Hautes sont les futaies, touffus les taillis, vieux les arbres ; mais la persévérance et le génie de l’homme ne connaissent plus d’obstacles. Sur les troncs des grands chênes les cognées retentissent, les scies grincent, les petites et les grandes, celles qui enlèvent des rangées d’arbres à la fois. On promène par les allées un immense fourneau dans lequel la flamme captive ne brûle qu’à la hauteur voulue. Dans les vallées et les coteaux sauvages se sont répandus les piqueurs qui soufflent à perdre haleine dans le cornet aigu, le cornet des carabiniers suisses et des chasseurs de chamois.
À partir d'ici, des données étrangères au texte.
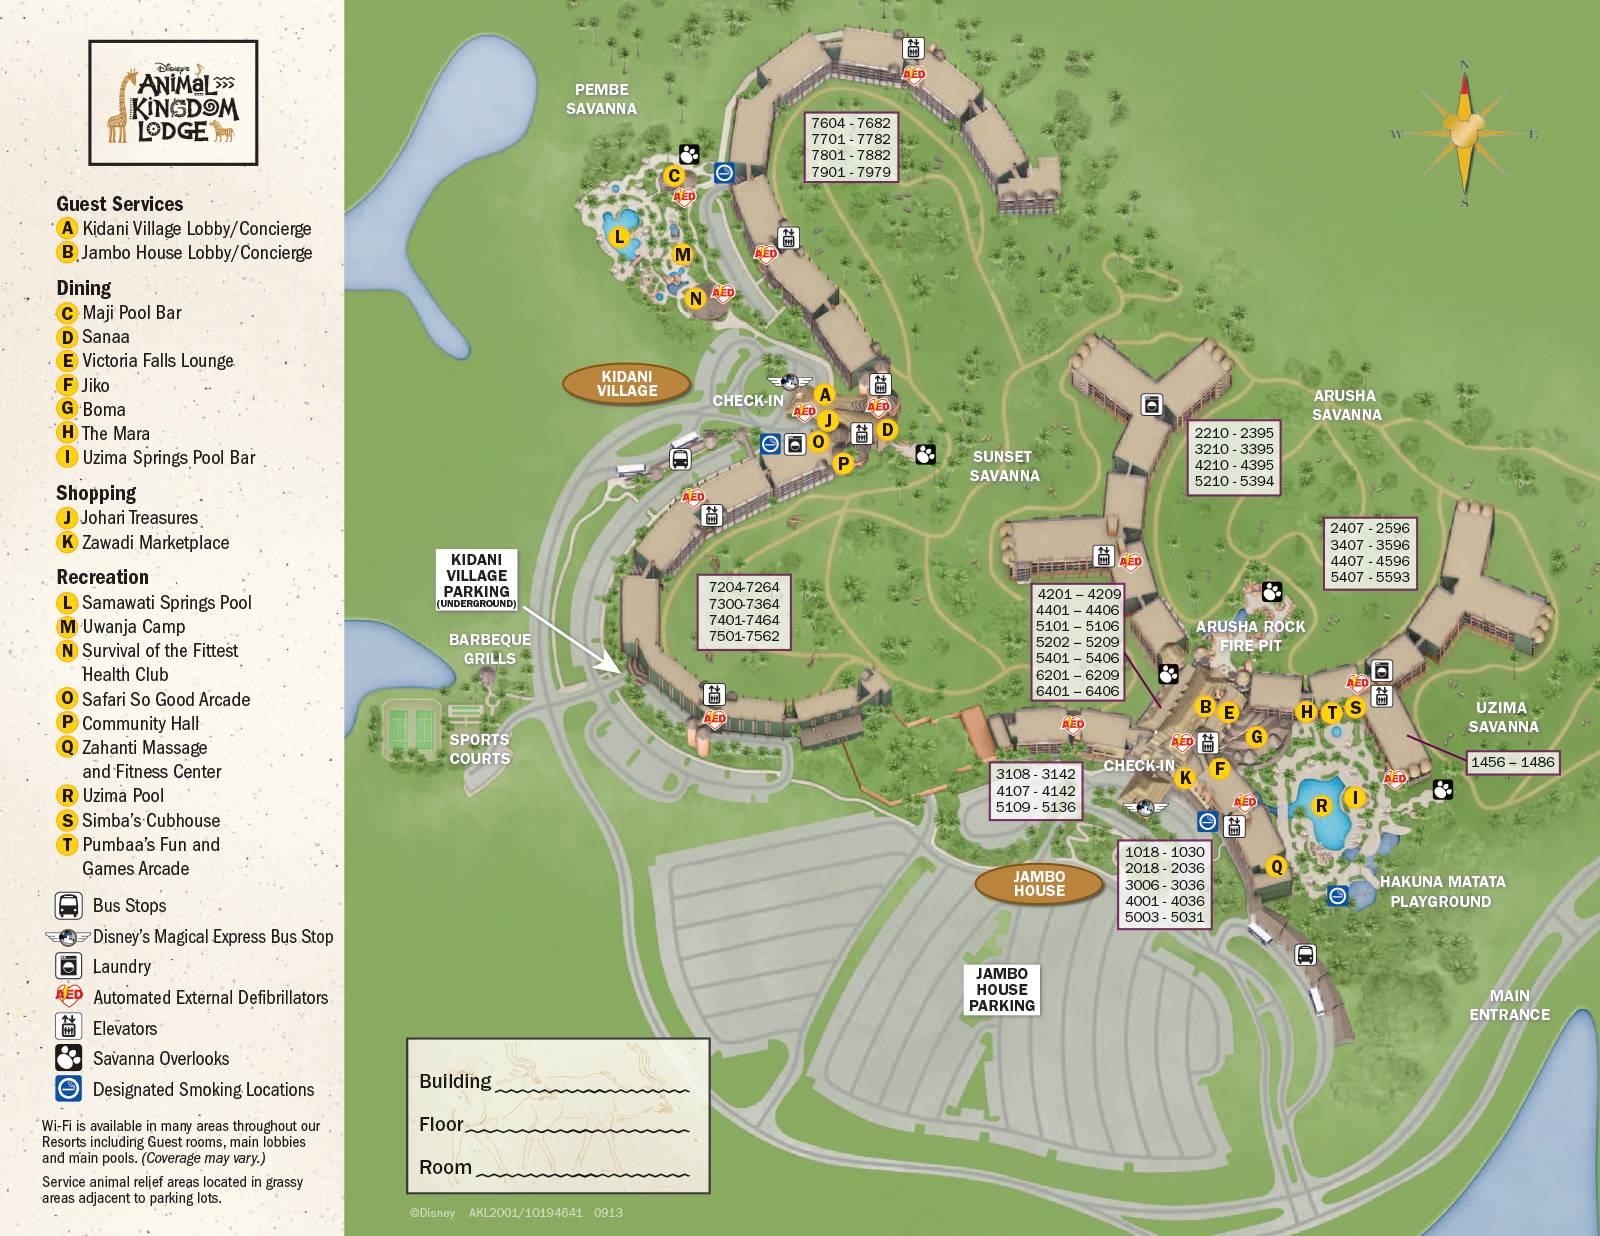 2013 Animal Kingdom Lodge guide map

C’est une immense hécatombe. Les arbres des druides, les beaux châtaigniers, les charmes au bois noueux, les frênes, les ormes et les bouleaux, les lièges et les yeuses tremblent sur leurs racines impuissantes à prévenir leur chute, puis craquent et inclinent tous ensemble leur feuillage qui va se flétrir. Cette fois ce n’est plus la forêt du divin Shakespeare, la forêt qui marchait contre Macbeth l’homicide, mais c’est la forêt vaincue par le travailleur ; elle reconnaît son maître et s’agenouille devant lui.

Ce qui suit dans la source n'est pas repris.